China’s chip industry could miss out critical next-gen tech if US implements design software export ban
- China’s drive for semiconductor self-sufficiency faces even greater hurdles if the US bans advanced electronic design automation software, as reported this week
- The software in question involves implementing gate-all-around designs, considered critical to making smaller chips with better heat management
China’s push towards semiconductor self-sufficiency could face another big setback if the US expands export controls to design software for a piece of technology considered key to the next generation of chip development, according to analysts.
GAA is considered important to the development of artificial intelligence chips by allowing for greater scaling. The GAA design surrounds a transistor on all sides with extra material to regulate electricity flow, offering better performance.
The technology requires specialised EDA software, an area in which China lags behind its global peers. Engineers require such software to design integrated circuits (IC), and the market is dominated by Cadence Design Systems, Synopsys and Mentor Graphics, all based in the US.
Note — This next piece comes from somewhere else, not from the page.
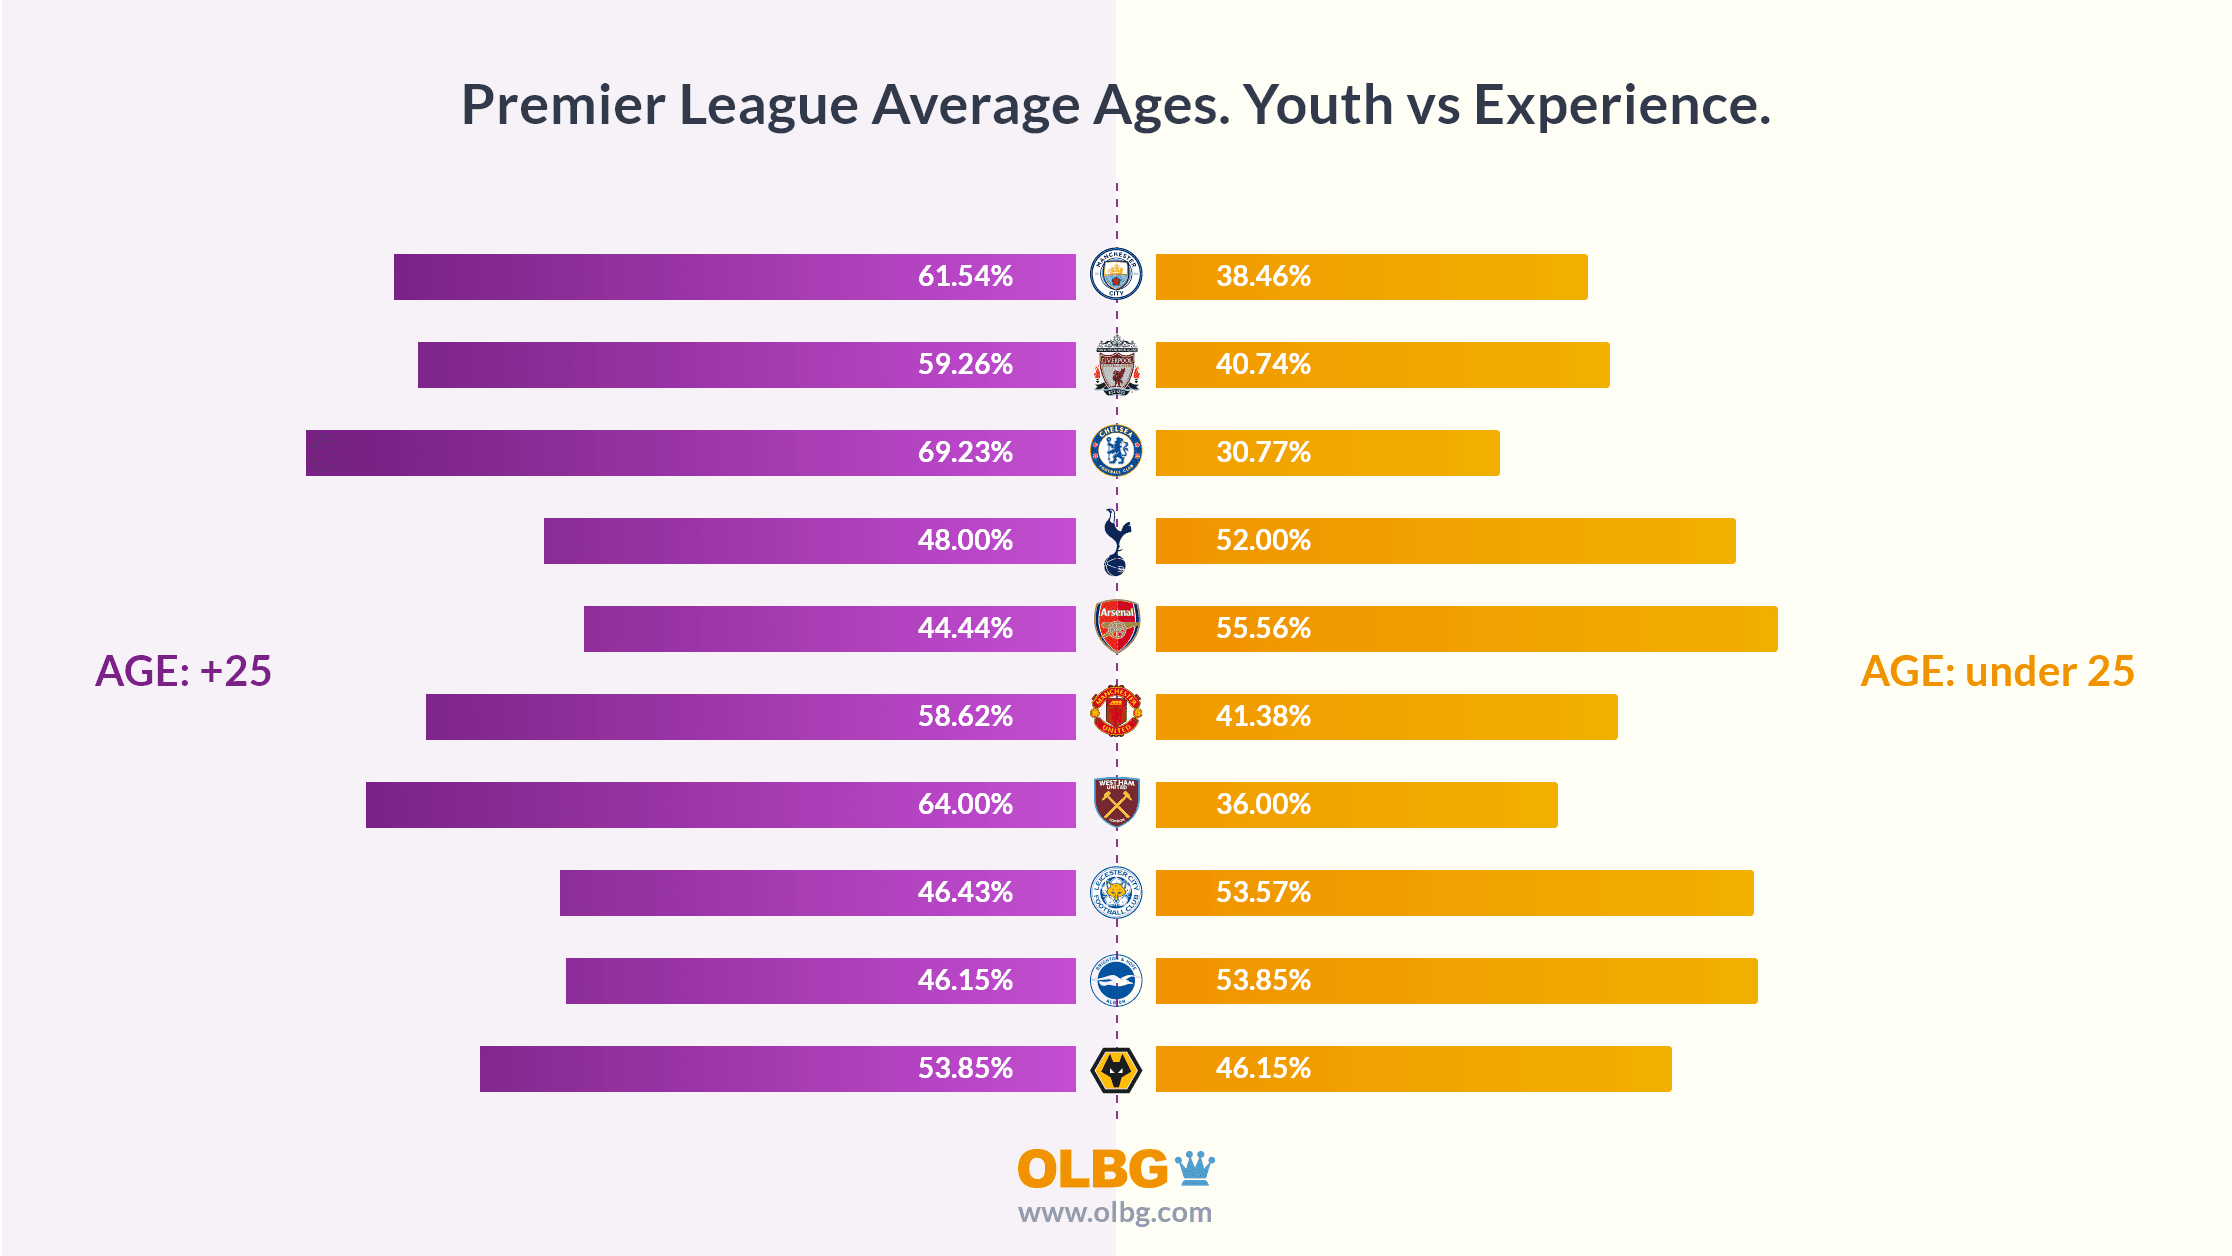 Premier League Average Ages

“China has big gaps in EDA software [compared with] global peers,” said an Nvidia design professional, who declined to be named because he is not authorised to speak to news media. “Synopsys and Cadence have spent at least 30 years building up their expertise in this area. The odds are slim [that China will] catch up in the short term.”
A reliance on imported EDA software is one of China’s biggest vulnerabilities in the semiconductor value chain, along with the lack of domestic lithography machines, according to a recent paper co-authored by three researchers from Xidian University, a public research institution in Xian, in northwestern Shaanxi province.
In China, no foundries have been able to develop manufacturing technology below 5nm due to US export controls on China-bound shipments of cutting-edge tools. Yet the country’s some 3,000 IC design firms still rely heavily on EDA software from the US. The Protocol report did not mention whether EDA software used for designing non-GAA chips could also be affected.
With a push from Beijing to rely less on overseas-sourced semiconductor tools and equipment, the domestic EDA industry has been booming. Dozens of players have been seeking to substitute imported systems, and investors are pouring in money in the hopes that government support will help the industry thrive.
The share price of Empyrean Technology, a Chinese EDA supplier that had a 6 per cent share of the domestic market in 2020, has tripled since its initial public offering last week in Shenzhen.
“We expect domestic substitution in equipment and materials will be accelerated, with home-grown companies taking up a higher market share in the 28nm process,” Peng wrote in a note.
Among non-listed EDA firms, X-Epic is a rising star in China’s EDA industry that was recently praised as one of 17 promising start-ups by the government of its home city Nanjing, in eastern Jiangsu province. The company established a research institute to fast-track technology breakthroughs in what it calls EDA 2.0 and to develop a domestic EDA ecosystem. The firm had raised US$121.7 million as of January, according to PitchBook data, and counts China Development Bank Capital and Sequoia Capital China as investors.
The global market size for EDA tools was estimated at US$9.1 billion in 2020, according to a report published in February by market intelligence platform ReportLinker. It projected 64 per cent growth through 2026 to US$14.9 billion.